Author David Mitchell “returns” to Hiroshima in Cloud Atlas
The Hiroshima release of the all-star movie Cloud Atlas on March 15 sees the return of one of its former residents.
Kind of.
David Mitchell, author of the book of which the movie is an adaptation, spent around 8 years living and working in Hiroshima. I remember bumping into him in the corridor of a now-no-more English language school on his return from a sabbatical. What had he been up to, I asked. David replied that he had written a novel. I don’t know about today, but back in the late 1990s this was just the kind of thing that you’d expect an EFL teacher to say, and I probably smiled and said something like, “That’s nice”.

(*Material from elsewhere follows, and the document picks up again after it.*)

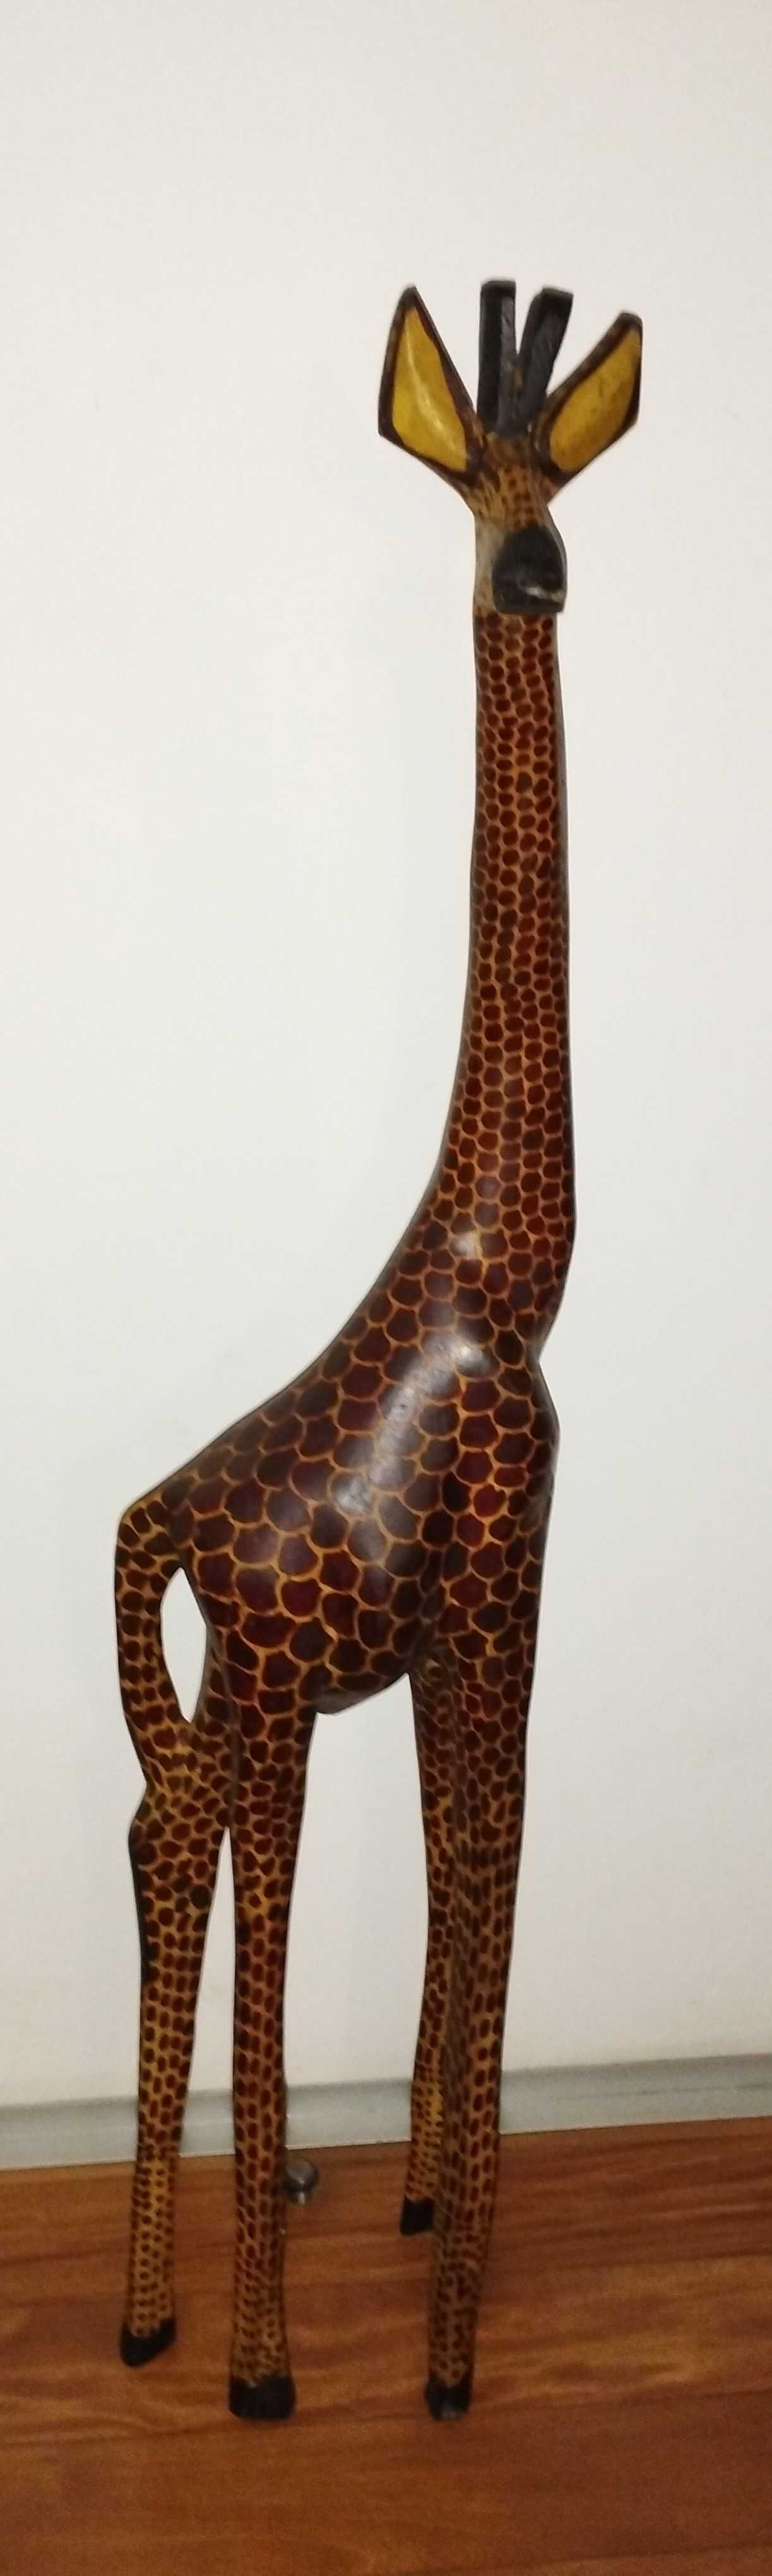 Estatueta de girafa
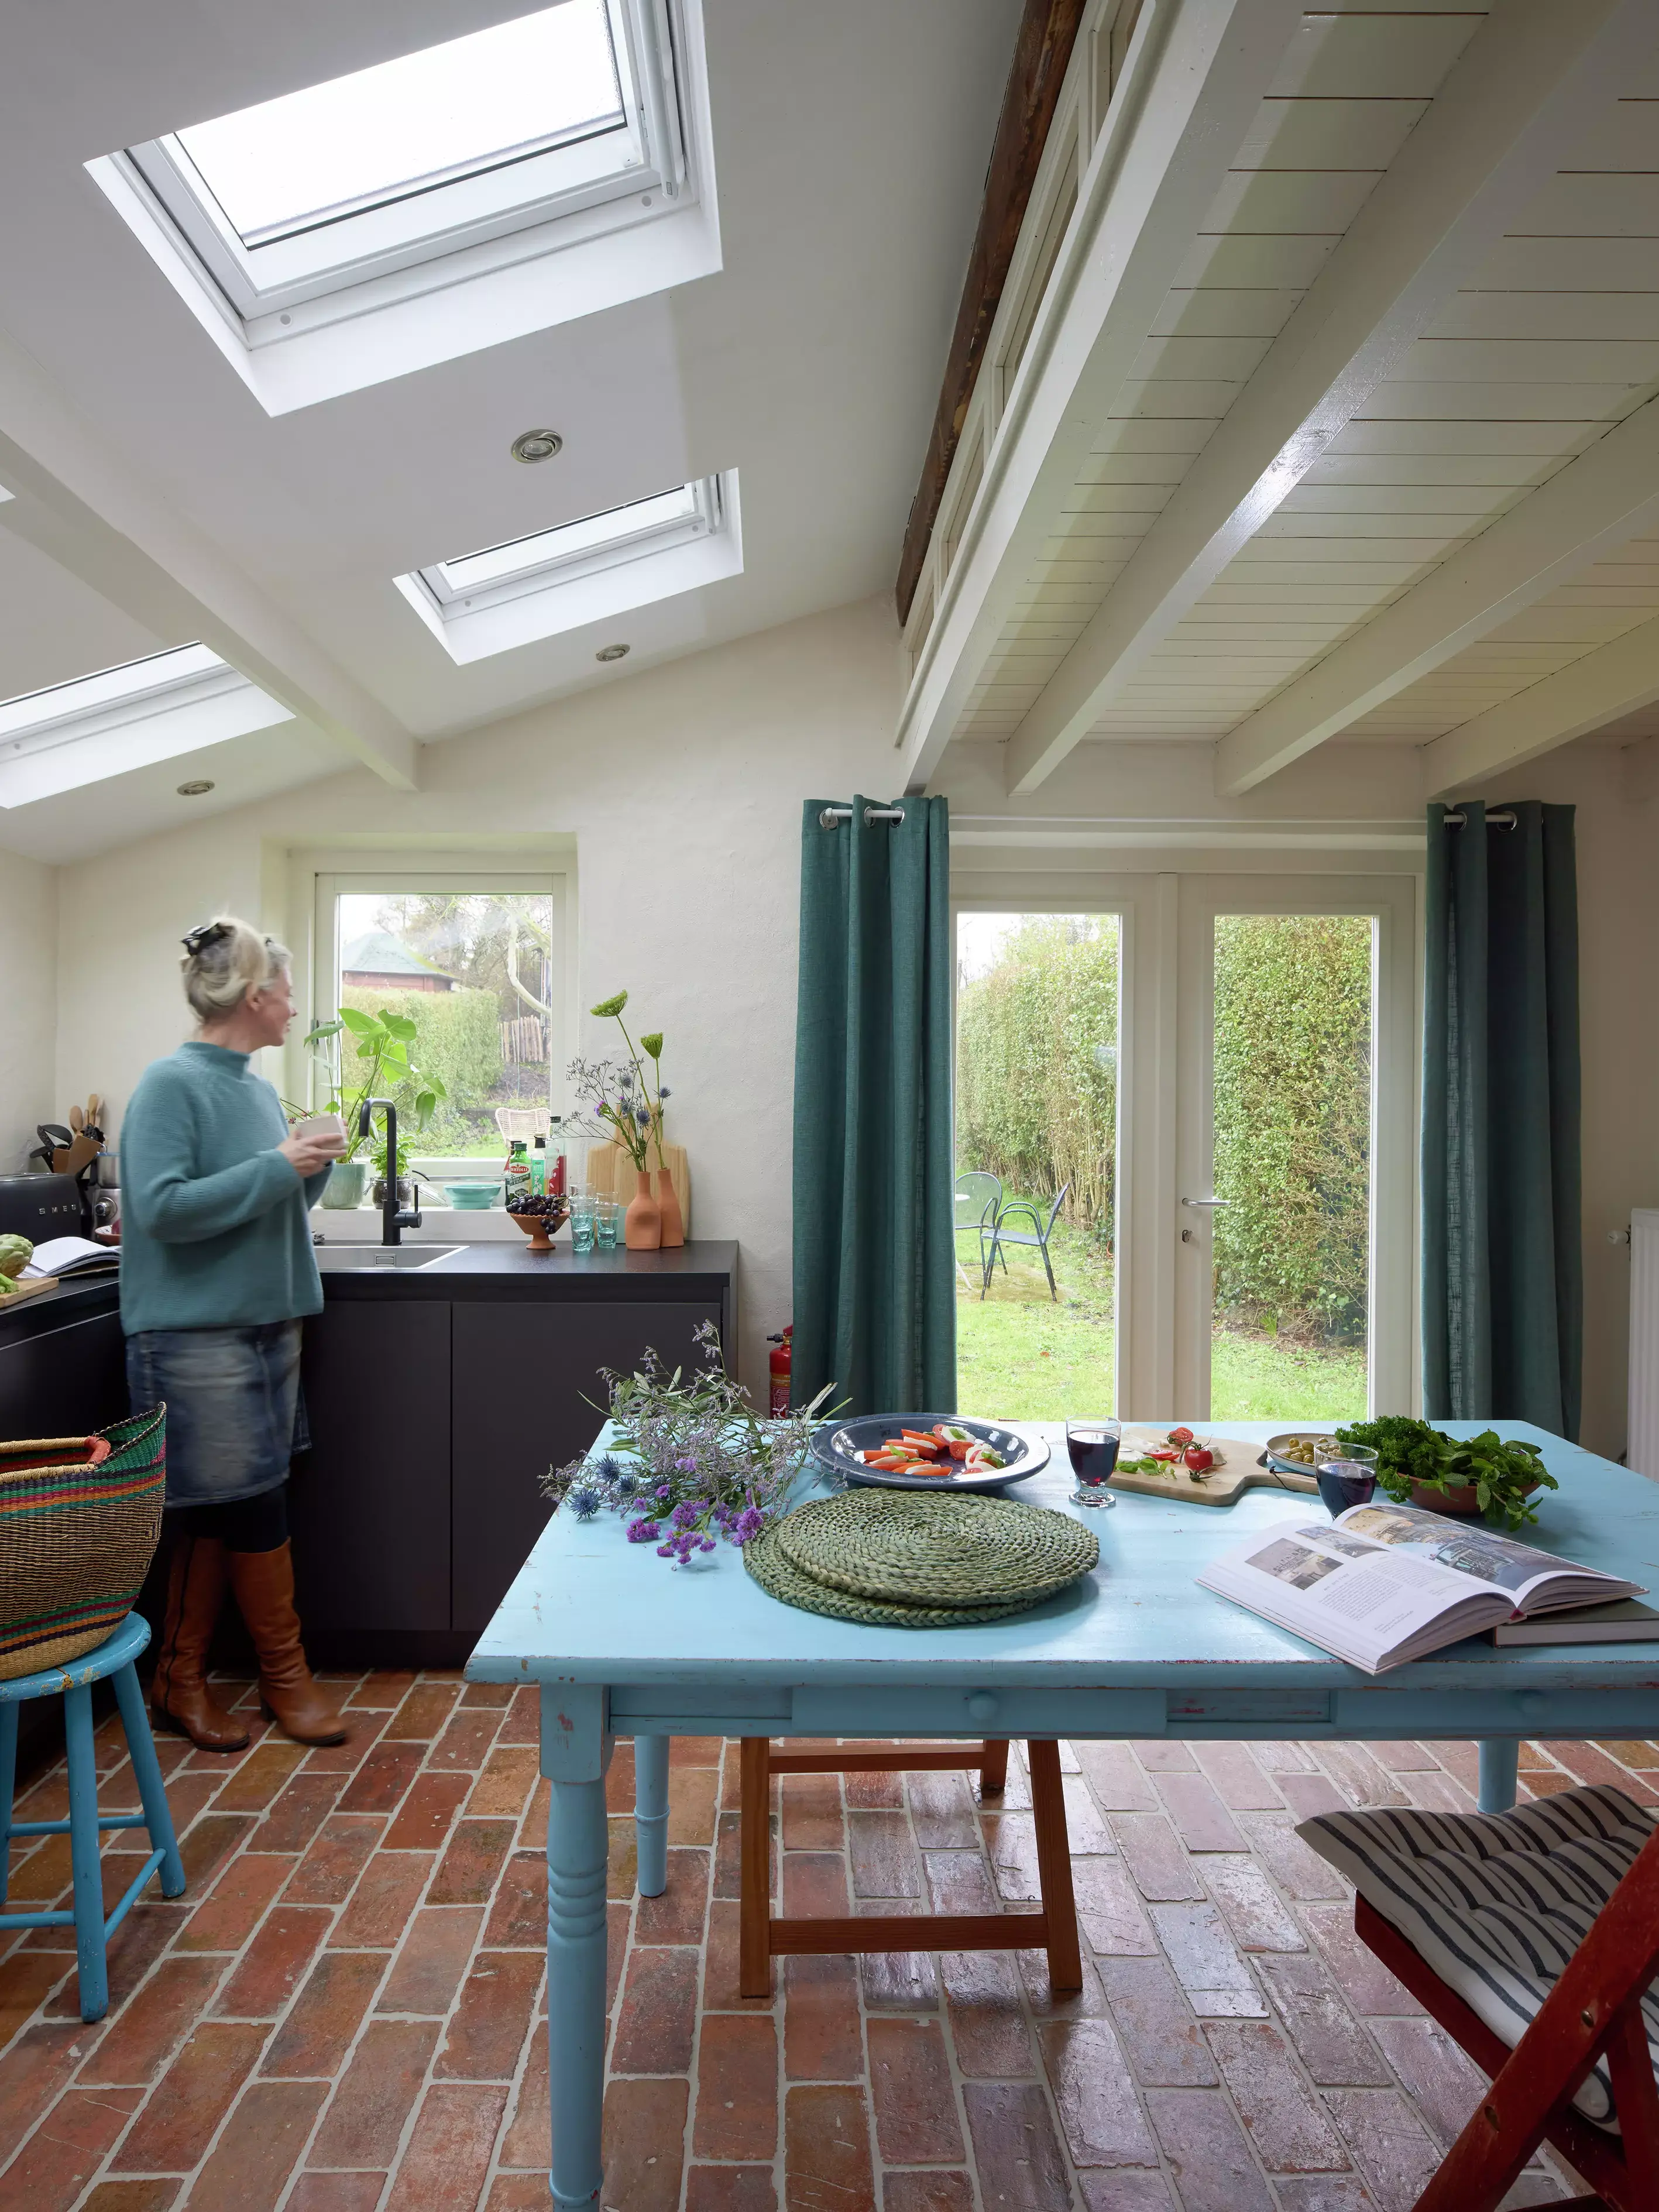 Cuisine confortable avec des carreaux en terre cuite et des fenêtres de toit VELUX donnant sur un jardin.

That book, it turned out, was Ghostwritten, and the beginning of the author’s meteoric rise.
The film adaptation of his third book – reviewed here on GetHiroshima back in the year of its publication, seems to have divided critics elsewhere in the world. I for one will be going to see it when it opens in Hiroshima, if only to try and catch the author’s 4 second cameo mentioned in this quite nice interview.
Back in 2002, just before he left Hiroshima, David Mitchell sat down with Marc Williams and talked about his time in Hiroshima and Japan. In the interview, he reveals how little bits of his Hiroshima worked their way into his early novels, and looking at it now makes me realize how much the city has changed. Hiroshima “lifers” may enjoy being reminded of places now no longer around.
Cloud Atlas Trailer
David Mitchell talks about Cloud Atlas
Cloud Atlas opens at Warner Mycal on March 15.